JAKARTA - Dalam menghadapi eskalasi ancaman dari kelompok separatis bersenjata di Papua, kehadiran Tentara Nasional Indonesia (TNI) di wilayah rawan seperti Puncak Jaya ditegaskan sebagai langkah legal dan konstitusional untuk menjaga kedaulatan negara serta melindungi masyarakat sipil.
Ancaman terbaru kembali dilontarkan oleh kelompok bersenjata yang menamakan diri Tentara Pembebasan Nasional Papua Barat – Organisasi Papua Merdeka (TPNPB-OPM). Mereka menolak rencana pembangunan pos militer di sepuluh wilayah yang mereka klaim sebagai “zona perang” dan bahkan mengancam akan menyerang aparat TNI-Polri serta memaksa warga non-Papua meninggalkan wilayah tersebut.
Ancaman tersebut tidak hanya menyesatkan opini publik, tetapi juga melanggar prinsip-prinsip hukum nasional dan internasional. Pembangunan pos militer oleh TNI di wilayah Papua ditegaskan sebagai langkah sah dan berlandaskan hukum, sejalan dengan amanat:
* Pasal 30 UUD 1945, yang menyatakan TNI adalah alat negara untuk menjaga kedaulatan dan keutuhan wilayah NKRI;
* UU No. 34 Tahun 2004 tentang TNI, yang memberikan mandat kepada TNI untuk mengamankan wilayah perbatasan dan mengatasi gerakan separatis bersenjata;
* Perpres No. 66 Tahun 2019, yang memperkuat struktur Komando Gabungan Wilayah Pertahanan (Kogabwilhan) dalam menangani ancaman strategis dan konflik bersenjata.
"Pembangunan pos militer bukan provokasi, tetapi bentuk nyata perlindungan negara terhadap warganya dari kekerasan bersenjata, " tegas seorang pejabat TNI yang tidak disebutkan namanya.

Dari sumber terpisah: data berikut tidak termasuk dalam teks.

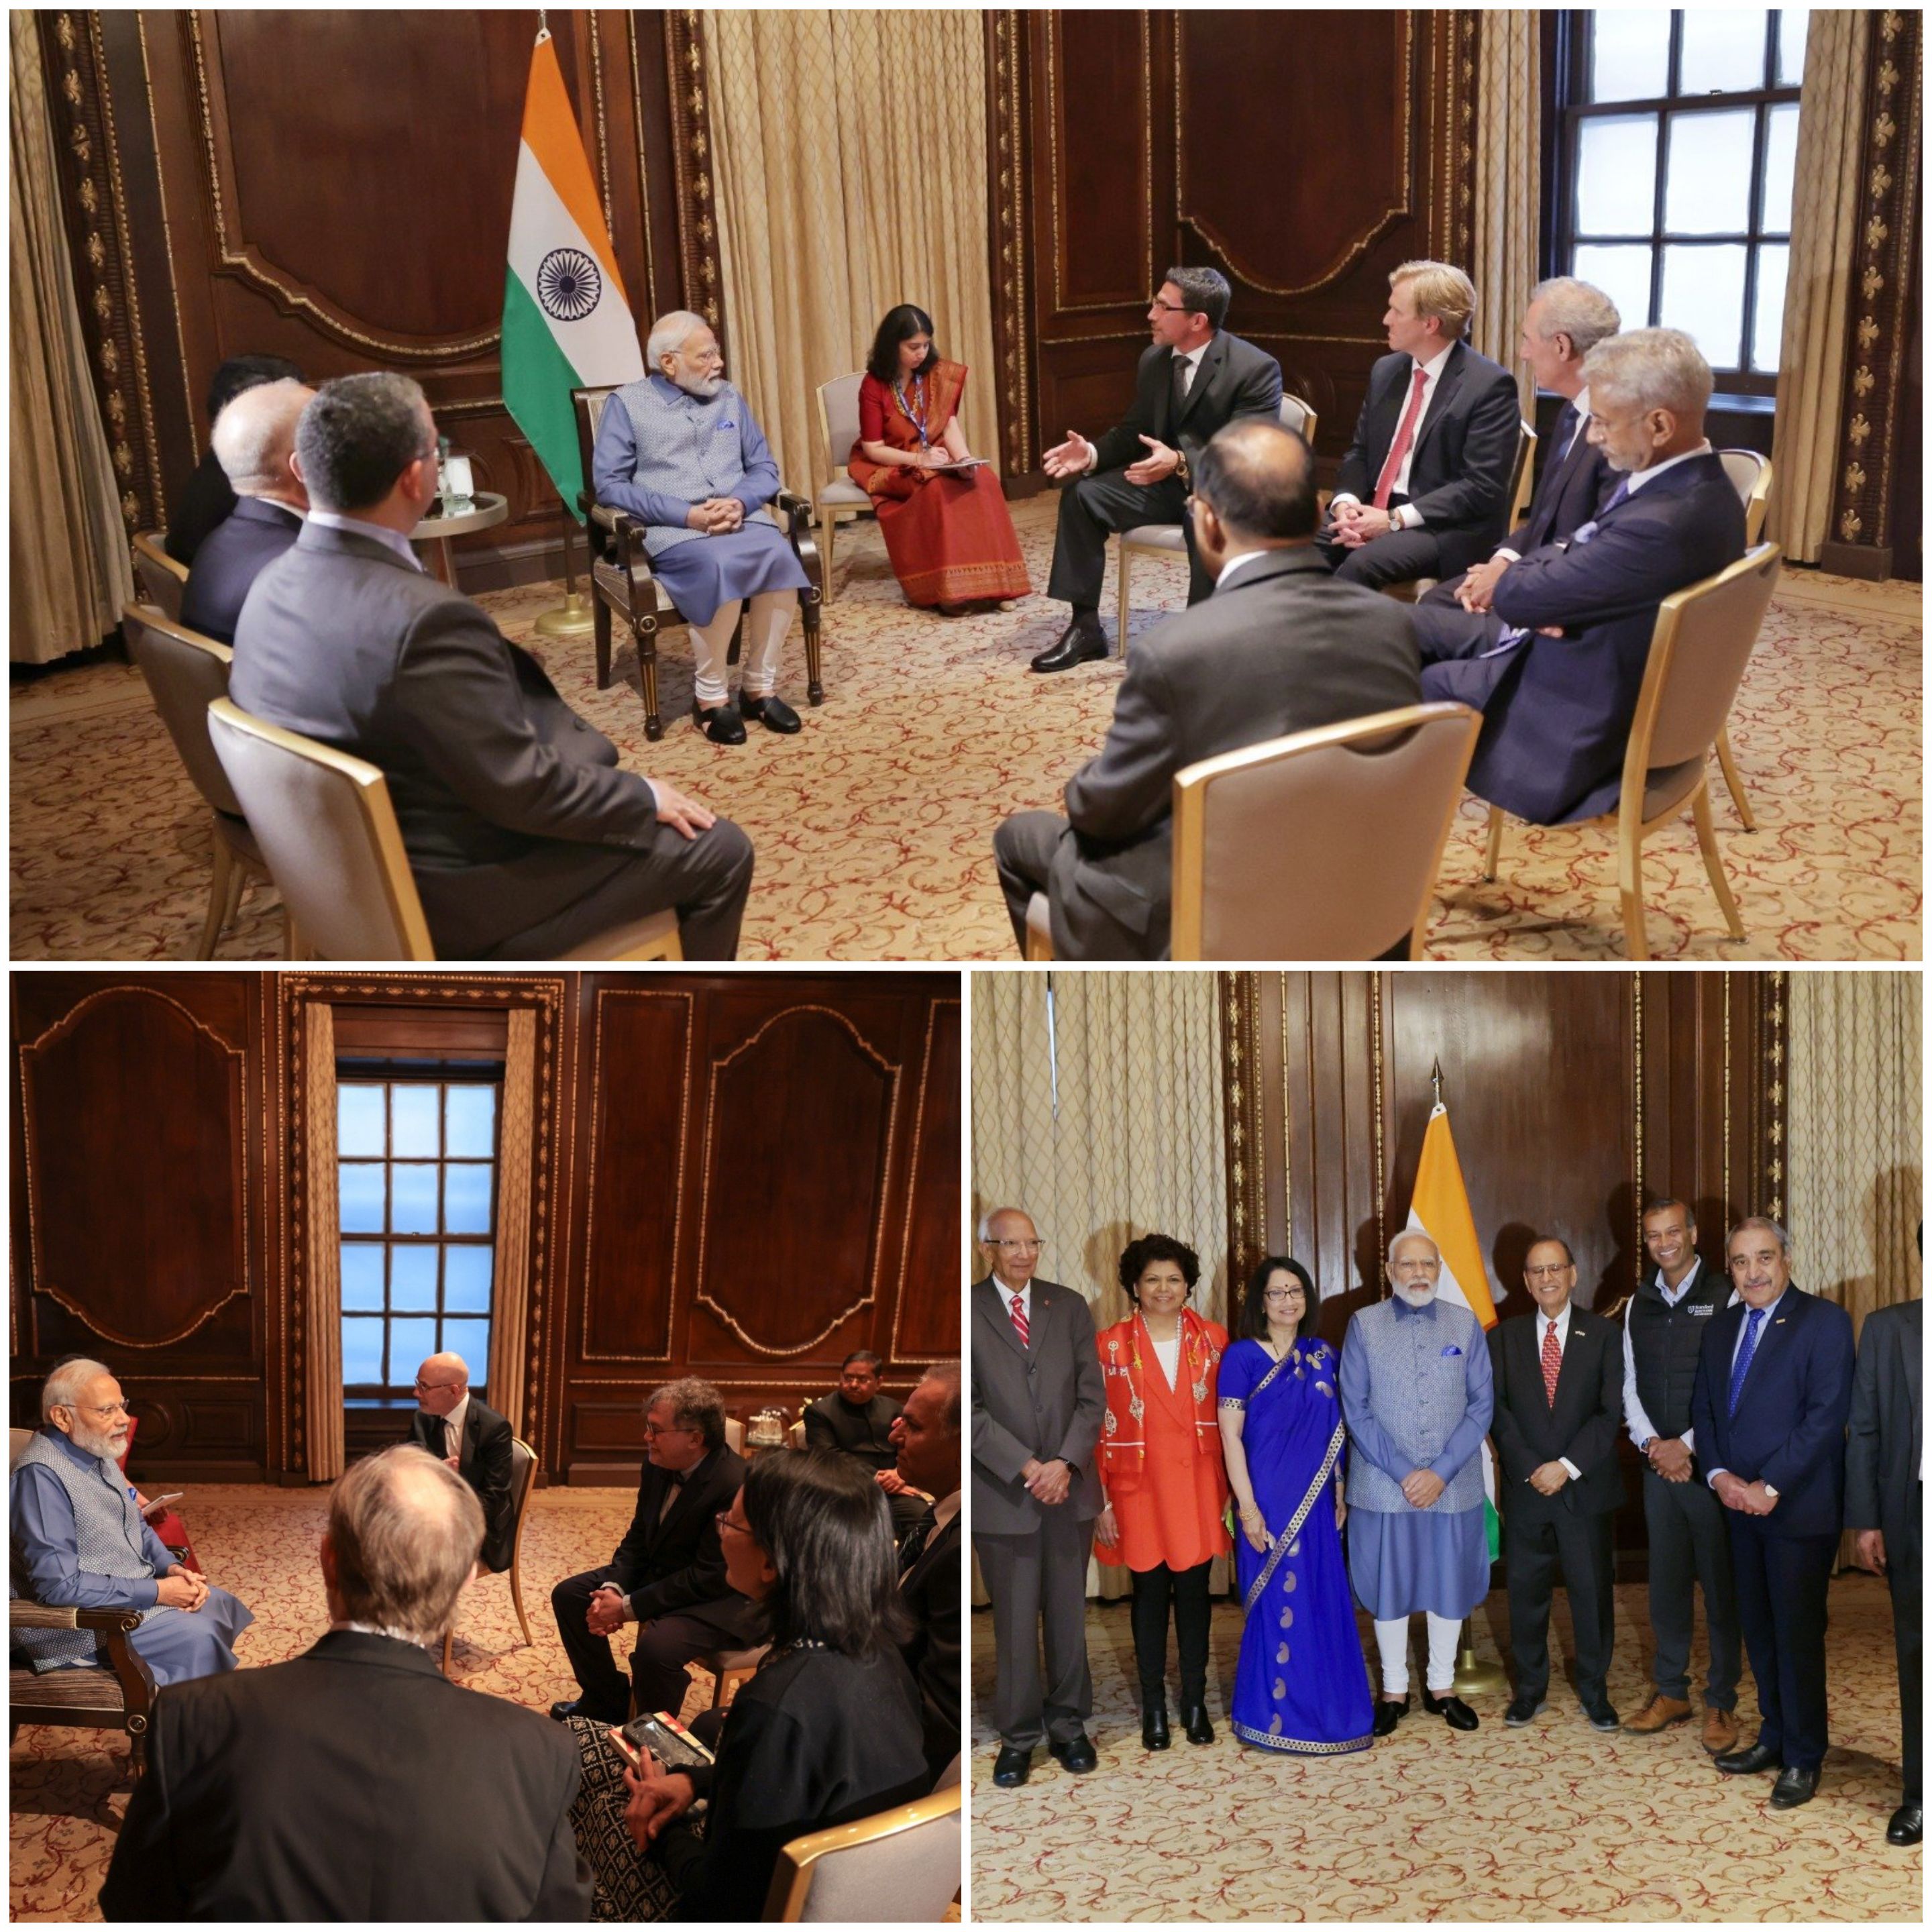 On the 1st day of the state visit to US, PM modi meets visionaries, think tanks and policy makers

TNI Tak Sekadar Hadir, Tapi Merangkul Masyarakat
TNI dalam pelaksanaannya di Papua juga mengedepankan pendekatan humanis dan teritorial, sesuai amanat Inpres No. 9 Tahun 2020 tentang Percepatan Pembangunan Kesejahteraan Papua. Kehadiran prajurit di daerah pedalaman tidak hanya bertujuan menjaga keamanan, tetapi juga membantu pelayanan dasar seperti pendidikan, kesehatan, hingga kegiatan sosial bersama masyarakat.
Melalui komunikasi sosial, TNI aktif membangun kedekatan dengan warga, terutama dalam mendukung program-program pemerintah daerah.
Ancaman TPNPB-OPM Langgar Hukum Humaniter dan Bisa Dikategorikan Terorisme
Pernyataan TPNPB-OPM yang mengancam warga sipil dan tenaga pelayanan publik seperti guru, tenaga medis, dan pekerja infrastruktur merupakan pelanggaran berat terhadap Hukum Humaniter Internasional, khususnya prinsip:
* Distinction (membedakan antara kombatan dan sipil),
* Proportionality, dan
* Precaution.
Lebih jauh, tindakan ini berpotensi masuk dalam kategori tindak pidana terorisme sebagaimana dimaksud dalam UU No. 5 Tahun 2018 tentang Pemberantasan Tindak Pidana Terorisme, terutama Pasal 6 dan Pasal 9, yang menyebutkan bahwa kekerasan yang menimbulkan teror luas terhadap masyarakat dapat dikategorikan sebagai terorisme.
Negara Hadir, Bukan Menindas
TNI adalah representasi negara yang sah dan bertugas menjaga setiap jengkal tanah air dari ancaman. Kehadirannya di Papua adalah upaya melindungi seluruh warga negara, termasuk masyarakat asli Papua, dari aksi-aksi kekerasan yang mengancam kehidupan mereka.
“Tugas kami bukan menciptakan konflik, melainkan menjamin rasa aman dan mendukung pembangunan yang adil di Papua, ” ungkap sumber militer.
Seluruh langkah TNI dijalankan dengan prinsip:
* Legalitas (berdasarkan hukum),
* Akuntabilitas (dengan pengawasan internal dan eksternal), serta
* Profesionalitas (berlandaskan doktrin dan kode etik militer).
Penutup: Papua Bagian Sah NKRI, Tidak Ada Tempat bagi Kekerasan Separatis
Masyarakat Indonesia, termasuk warga Papua, berhak mendapatkan rasa aman, pendidikan, pelayanan kesehatan, dan pembangunan yang merata. Upaya separatis bersenjata untuk menciptakan ketakutan melalui kekerasan dan propaganda harus dilawan dengan kehadiran negara yang kuat namun tetap menjunjung tinggi HAM dan supremasi hukum.